**TASK INPUTS:**
☆ ☆ ☆ ☆
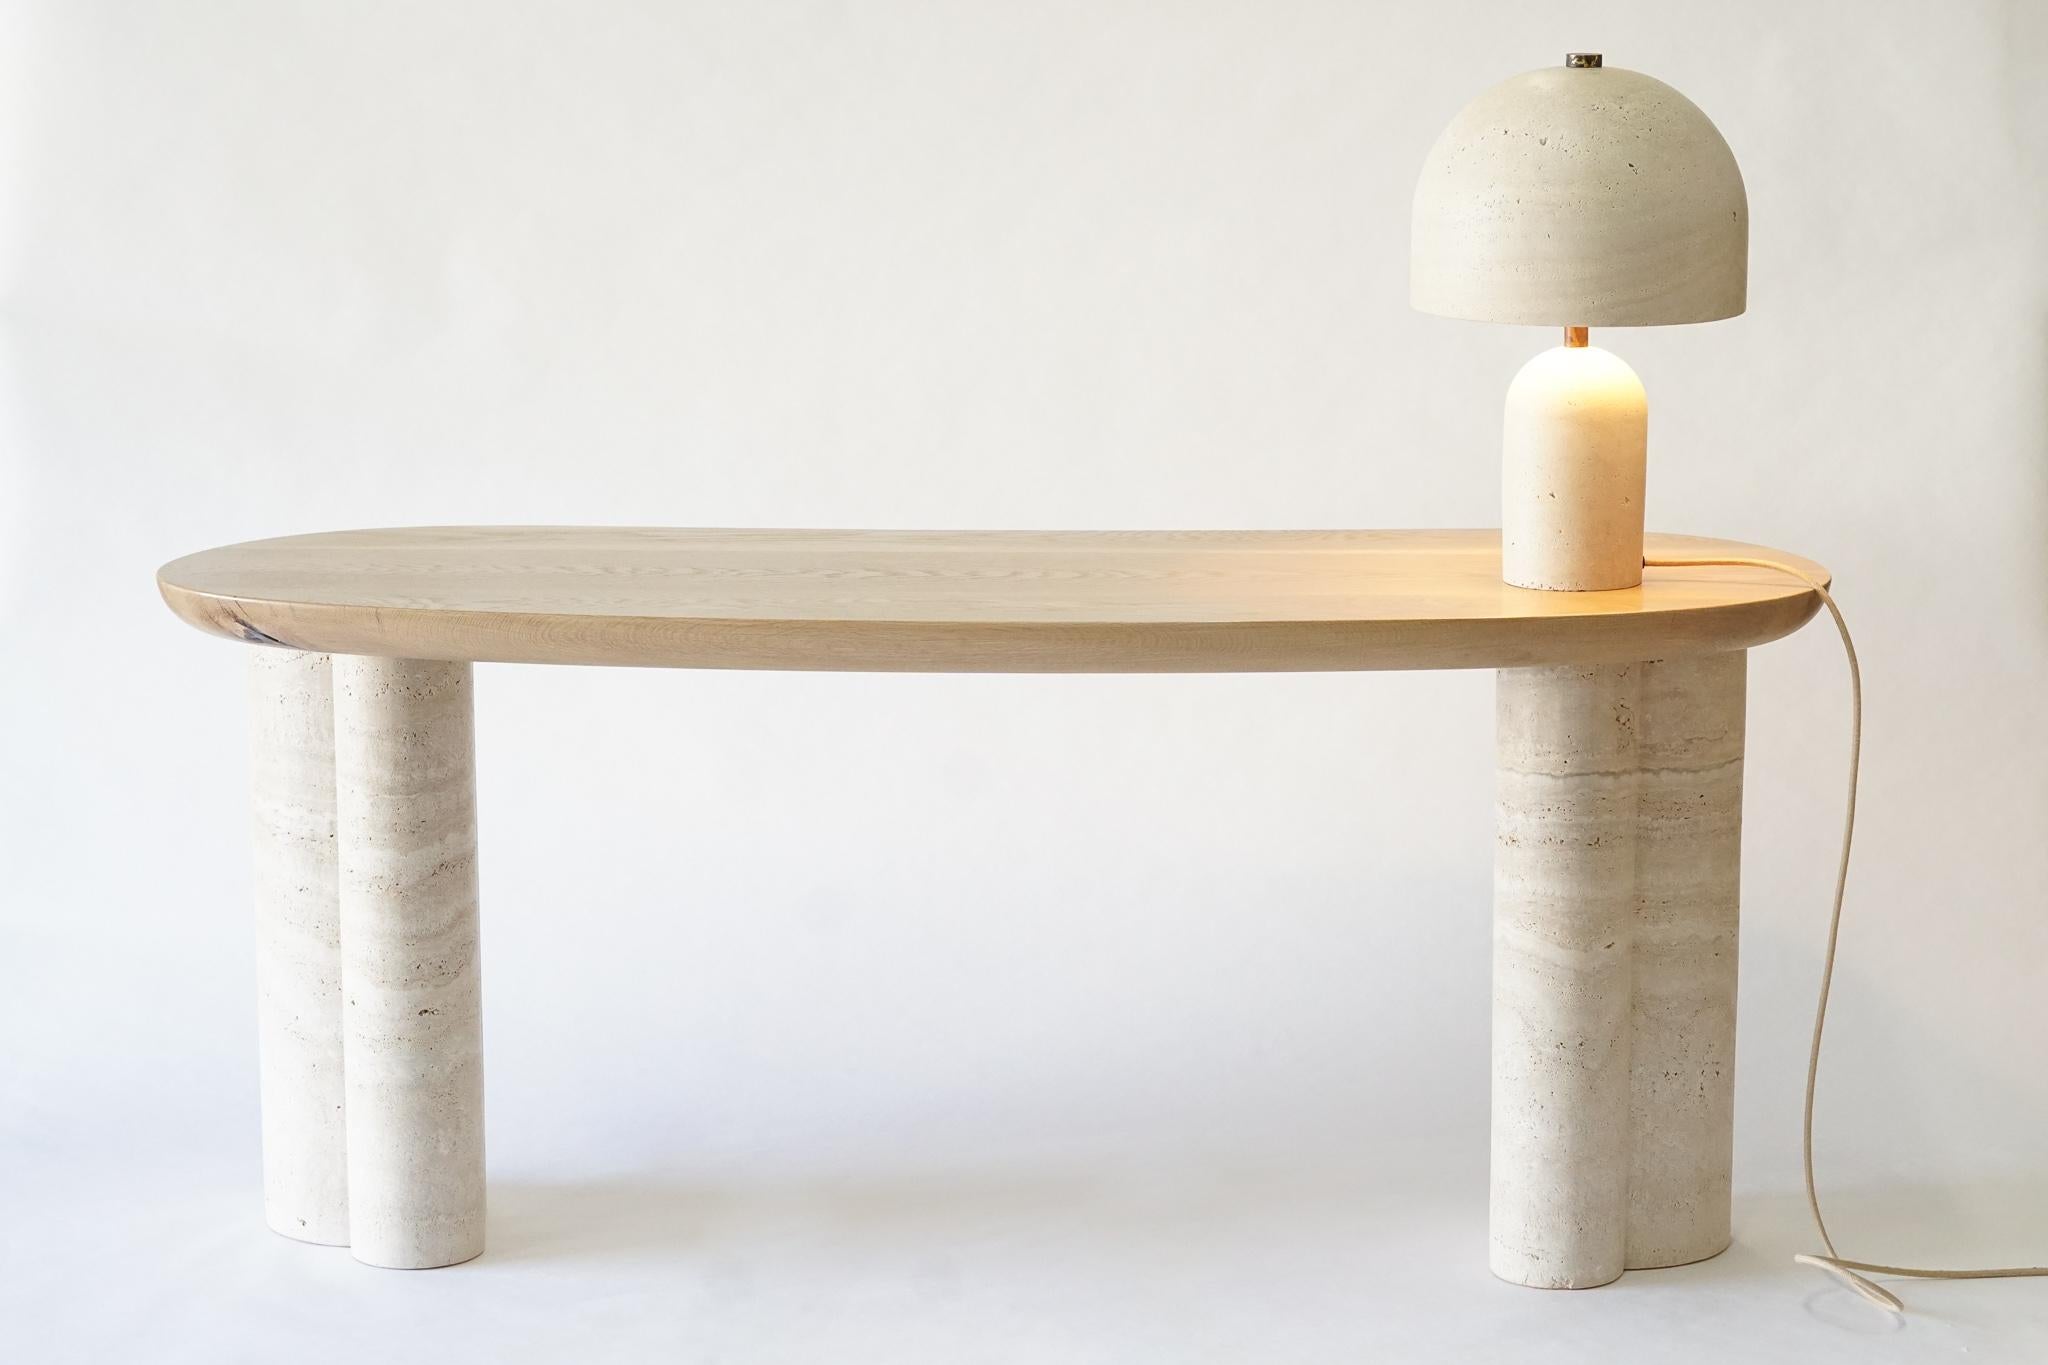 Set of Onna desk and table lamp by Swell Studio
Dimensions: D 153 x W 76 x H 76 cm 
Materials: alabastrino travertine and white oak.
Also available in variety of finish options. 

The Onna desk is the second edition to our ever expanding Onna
☆ ☆ ☆ ☆
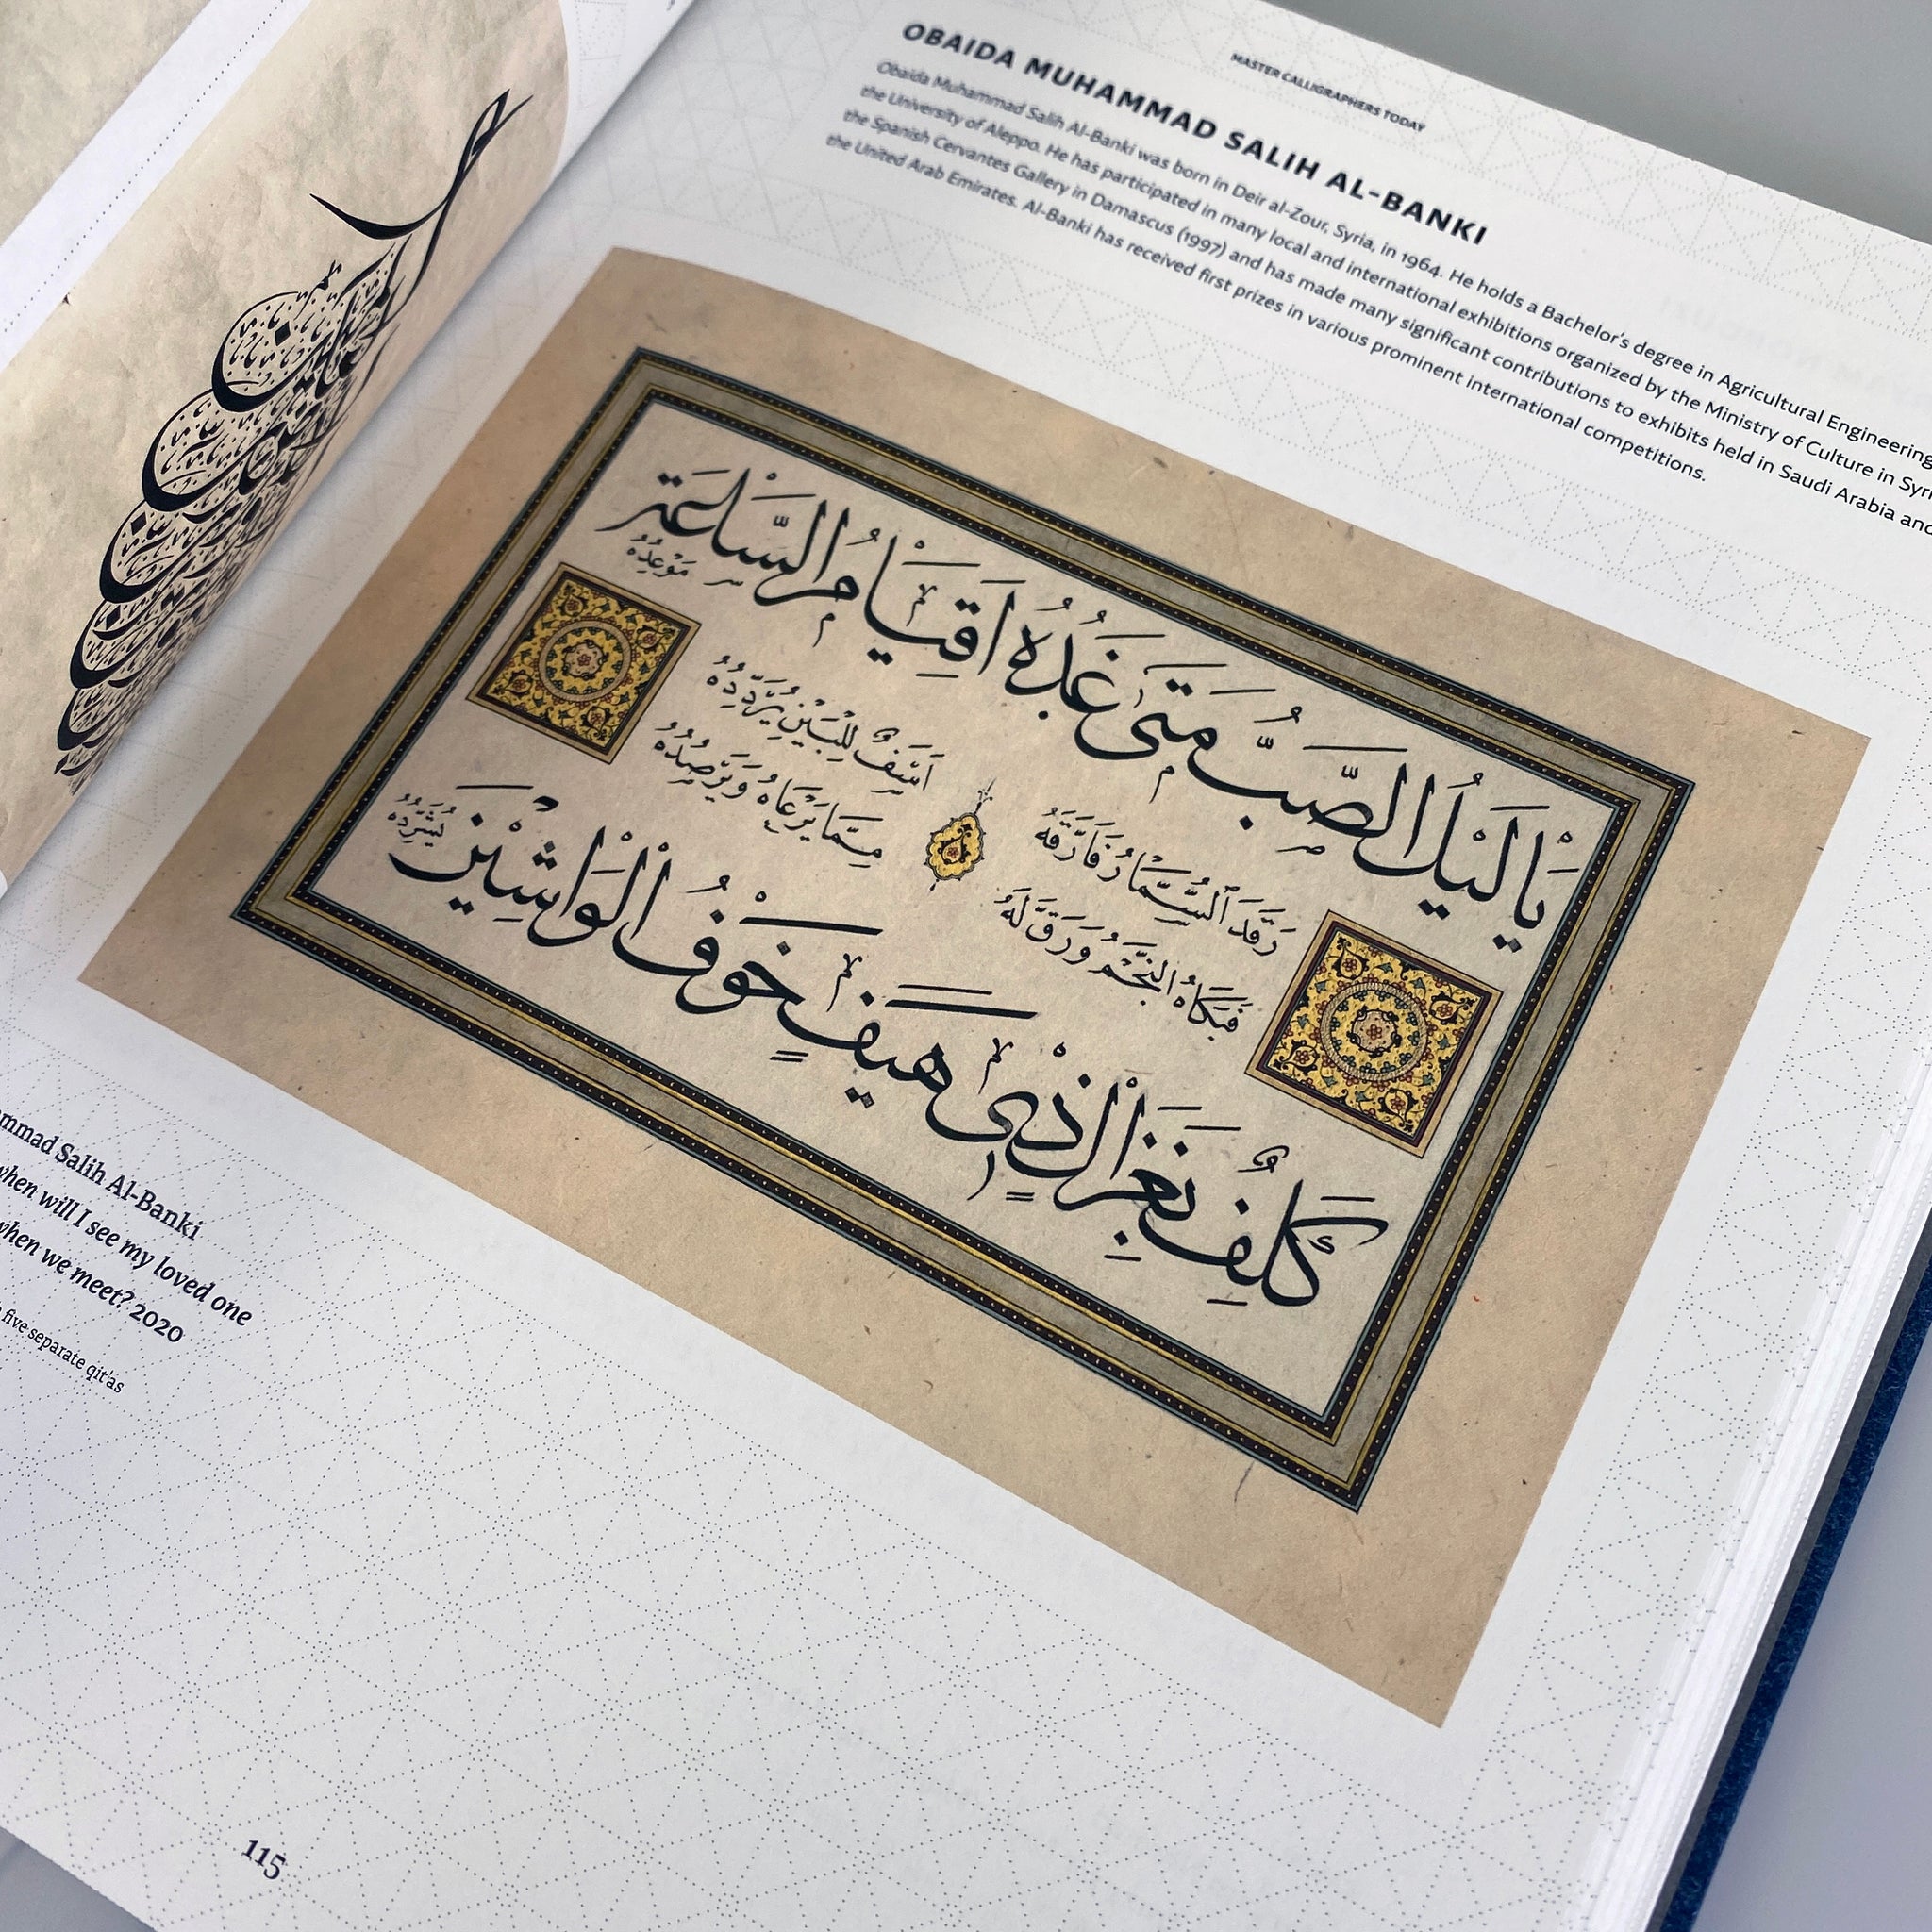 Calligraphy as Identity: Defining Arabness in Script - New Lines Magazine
☆ ☆ ☆ ☆
**YOUR ASSIGNMENT:** Each line above from the one containing "Set of Onna" through the one containing "The Onna desk" is to be returned verbatim. Nothing else, and no pictures.

**ANSWER SECTION:**
 Set of Onna desk and table lamp by Swell Studio
Dimensions: D 153 x W 76 x H 76 cm 
Materials: alabastrino travertine and white oak.
Also available in variety of finish options. 

The Onna desk is the second edition to our ever expanding Onna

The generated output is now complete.